First, we build the reduced network of interactions between the N_r = N_ph + N_c nodes of interest constituted by the N_ph = 34 pharmaceutical companies and the N_c = 195 countries (see Fig 6). The rules for the construction of the reduced network are described in the caption to Fig 6. At the first level, we take the top 5 companies in the PageRank list (Table 1) and trace the links with the largest column matrix elements in G_rr + G_qr from a company to two countries and two other companies. The process is then repeated to other levels from the newly added companies. The process is stopped when no new companies can be added. We obtain a compact reduced network of 15 pharmaceutical companies from the 34 initially selected, and 12 of these constitute the top 12 of the PageRank list (Table 1). The 3 remaining companies are nevertheless in the top 9 of pharmaceutical companies with the largest market capitalization since 2000.

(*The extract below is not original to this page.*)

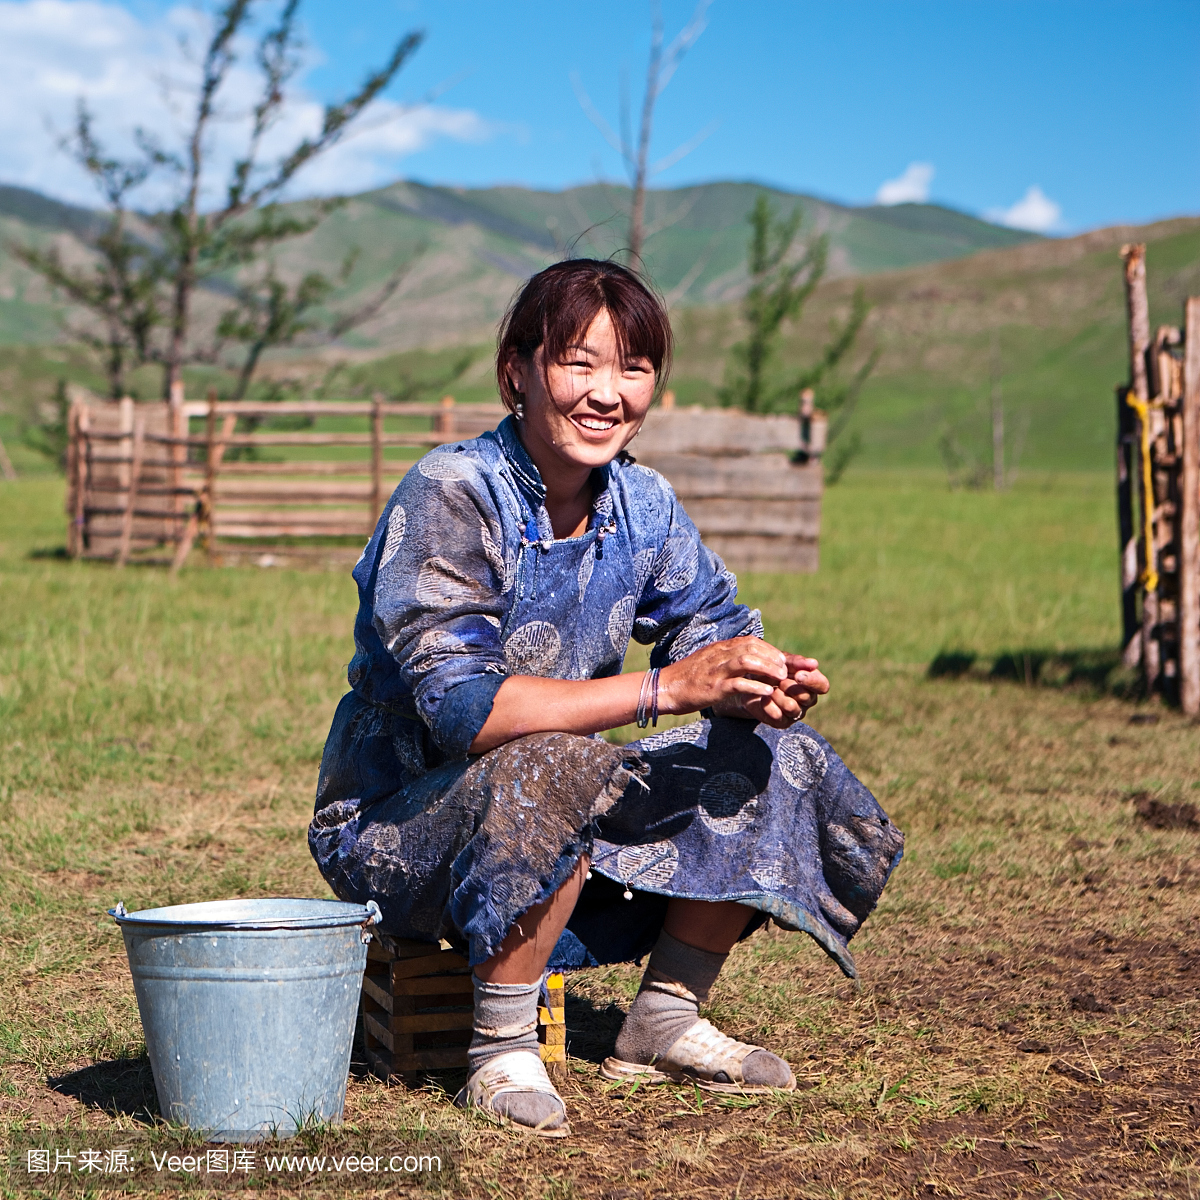 蒙古妇女在全国服装挤奶牦牛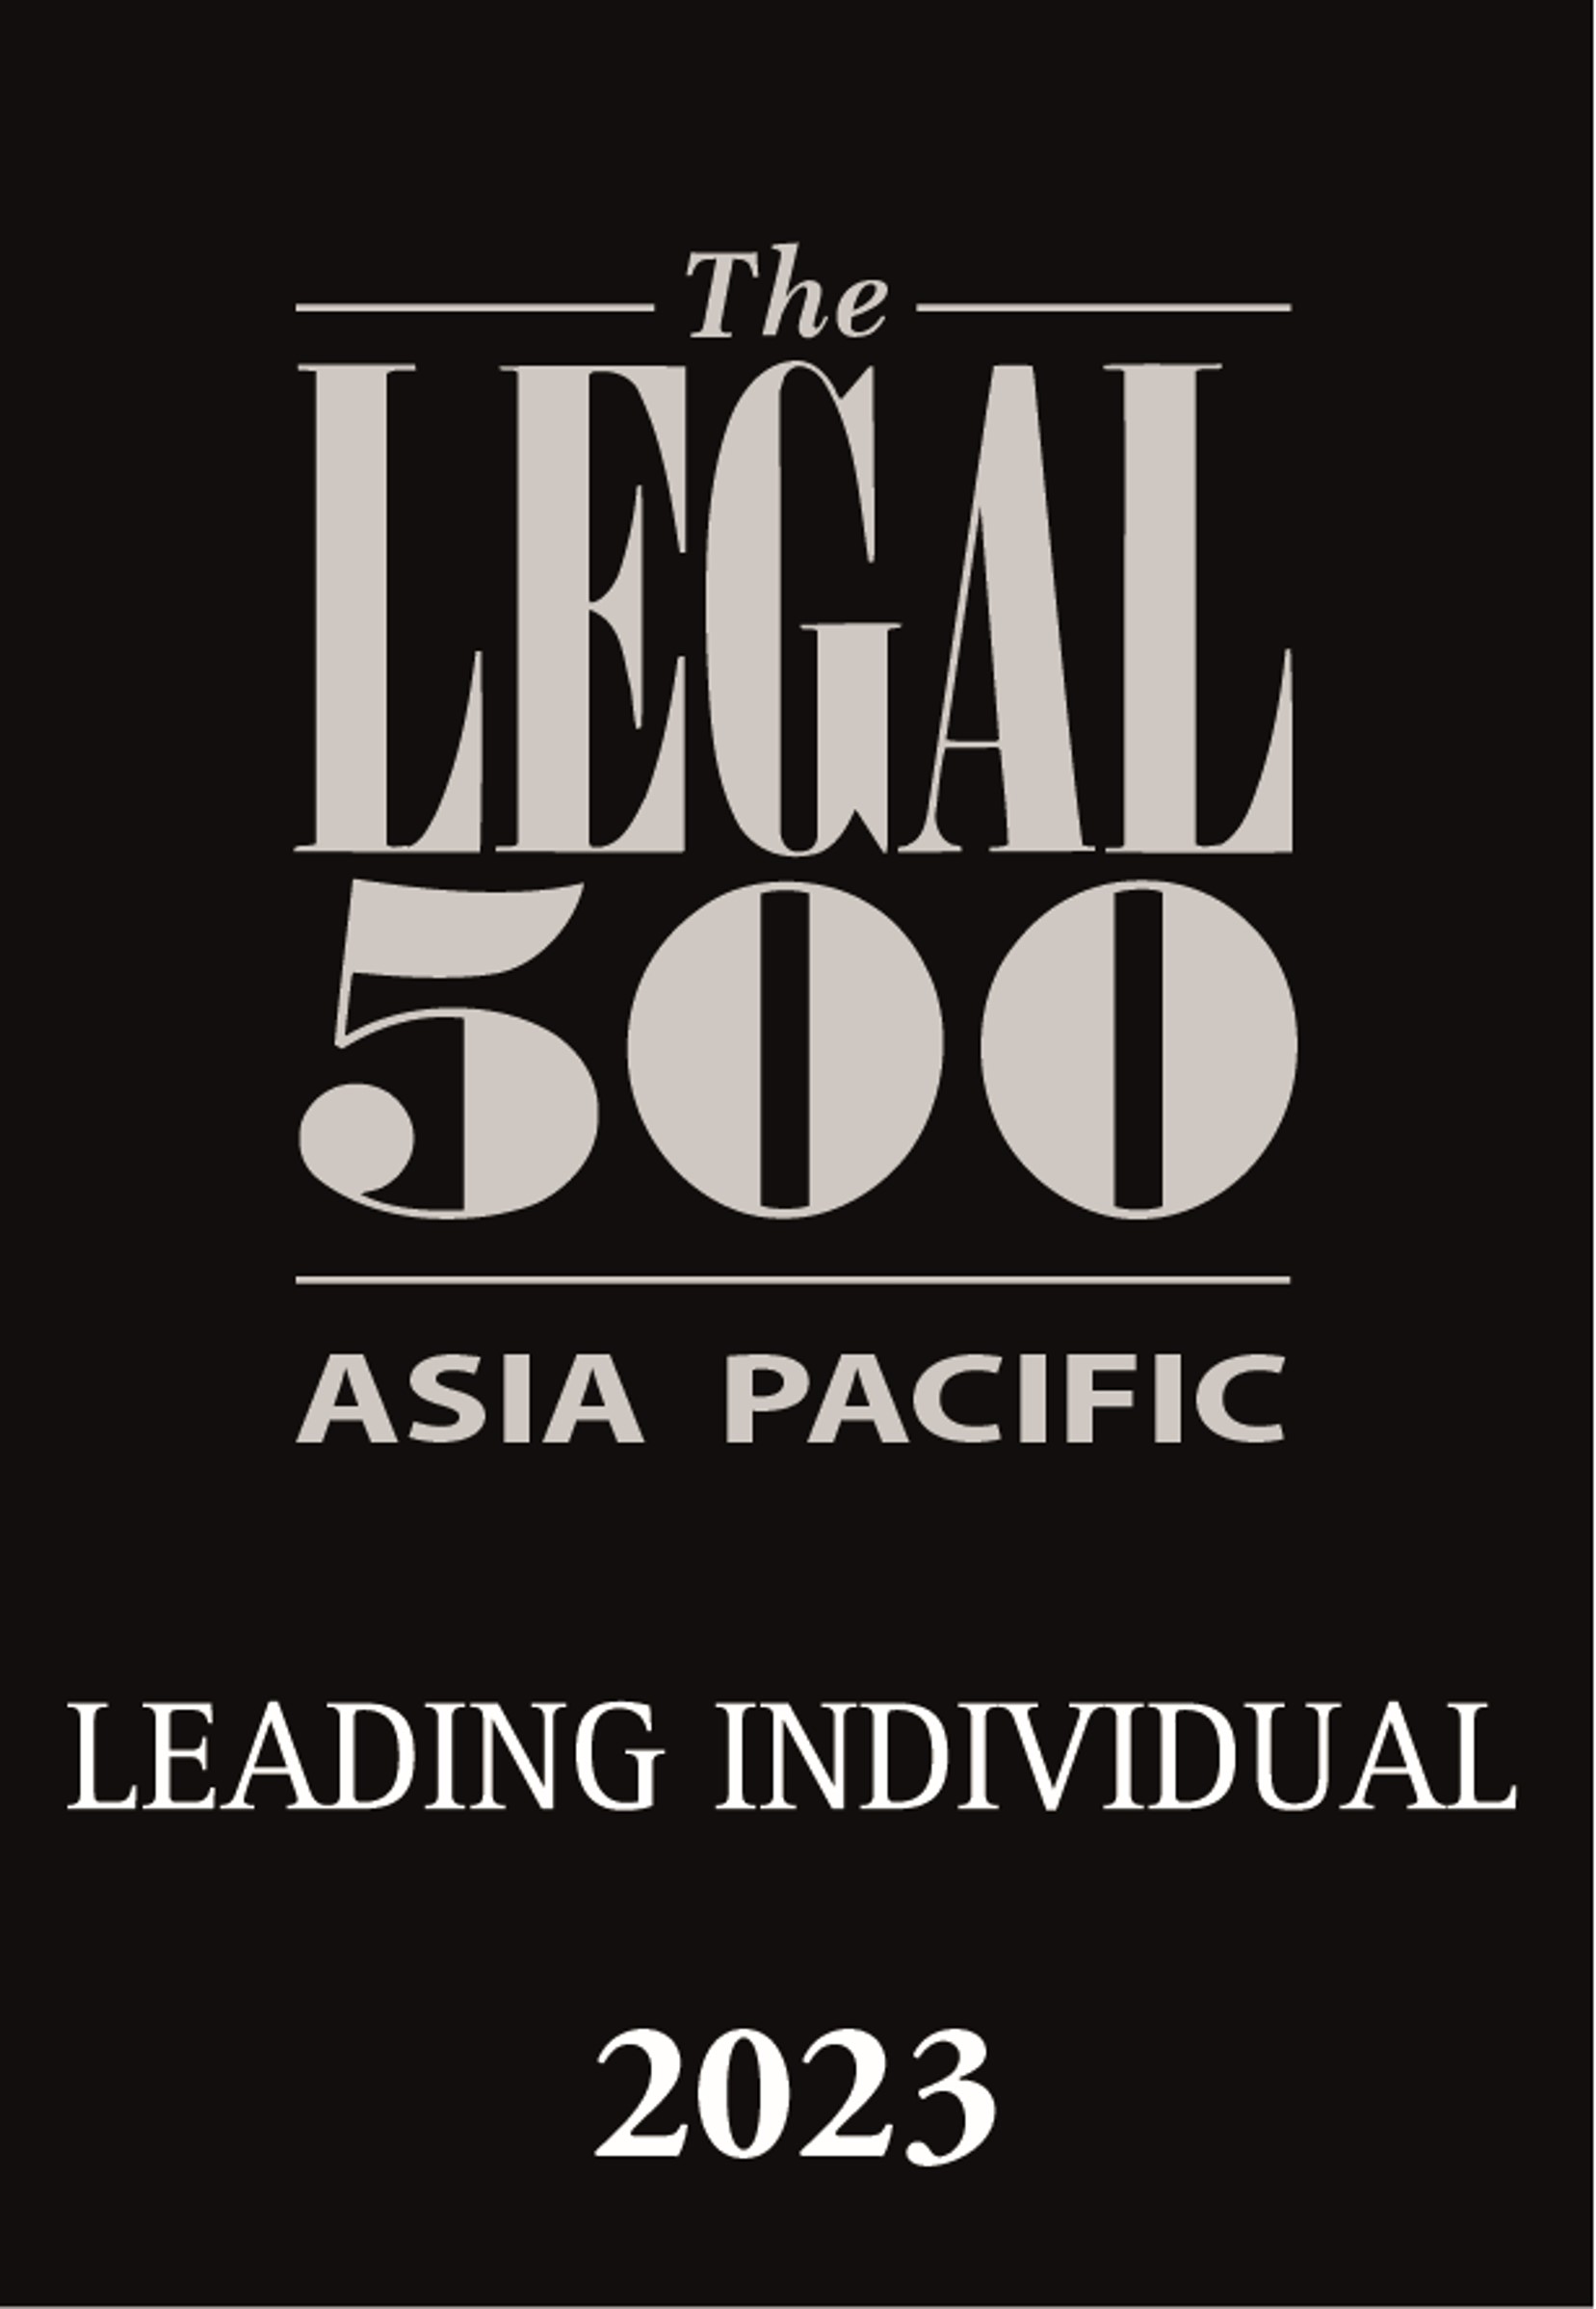 商业、企业及并购︰独立的香港律师事务所, 领先律师, 朱静文律师, 2023

**Fig. 6. Reduced network of pharmaceutical companies with the addition of their best connected countries.**

By following direct links (black arrows) in this network, i.e., hyperlinks from Wikipedia articles, we see, e.g., that for Bayer, the closest companies are Sanofi and Roche and the two country friends are Germany, where its main office is located, and Belarus. These two links are direct links from the Bayer page in Wikipedia. Here, Belarus is cited as an example of a country from the Commonwealth of Independent States (CIS) in which the over-the-counter drug business was developing in early 2000s. To respond to this need, Bayer acquired Sagmel, Inc., a company already present in the CIS, in June 2008 [45, 46]. For Pfizer, the two company friends are GlaxoSmithKline and Johnson & Johnson, while the two country friends are Italy and Ireland. All these direct links are easy to explain by examining the hyperlinks in Wikipedia articles. Direct links between companies indicates major transactions between them that are reported in the dedicated Wikipedia articles. These direct links give a compact picture of the relationships between pharmaceutical companies. The non-obvious hidden links (red arrows in Fig 6) are potentially more interesting. Here, most of the hidden links point to the US, highlighting the fact that most of the pharmaceutical companies are American.

The reduced network of interactions between the N_ph = 34 pharmaceutical companies and the N_cr = 37 cancer types is shown in Fig 7. At each level, it shows the two closest company friends and two cancer types. The construction rules are the same as in Fig 6. The structure of the reduced network between pharmaceutical companies remains the same as in Fig 6. The reduced network indicates the strongest links from a company to the related types of cancer. We observe a clear polarization toward breast cancer, since 10 of the 15 pharmaceutical companies preferentially point to breast cancer, the Wikipedia article for which is the second most influential article among the 37 articles devoted to cancer types [20]. The second and third most connected cancer types are leukemia and lung cancer, which are preferentially pointed to by 4 and 3 pharmaceutical companies, respectively. Although the list (lung cancer, breast cancer, and leukemia) contains the 3 most influential cancer types in Wikipedia [20], we observe the particular interest in breast cancer on the part of pharmaceutical companies. More specifically, Pfizer and GlaxoSmithKline are most strongly linked to breast cancer and leukemia, while Bayer is most strongly linked to breast and thyroid cancers. In the case of Johnson & Johnson, the strongest links are to leukemia and ovarian cancers. For Novartis, the strongest links are with melanoma and breast cancers. Links to cancers for other companies are also clearly visible in Fig 7. We argue that the REGOMAX approach allows us to determine, from Wikipedia, the main orientations of pharmaceutical companies in their treatment of cancers. From Fig 7, we also see that in addition to direct links (black arrows), the indirect links (red arrows) also play a very important role.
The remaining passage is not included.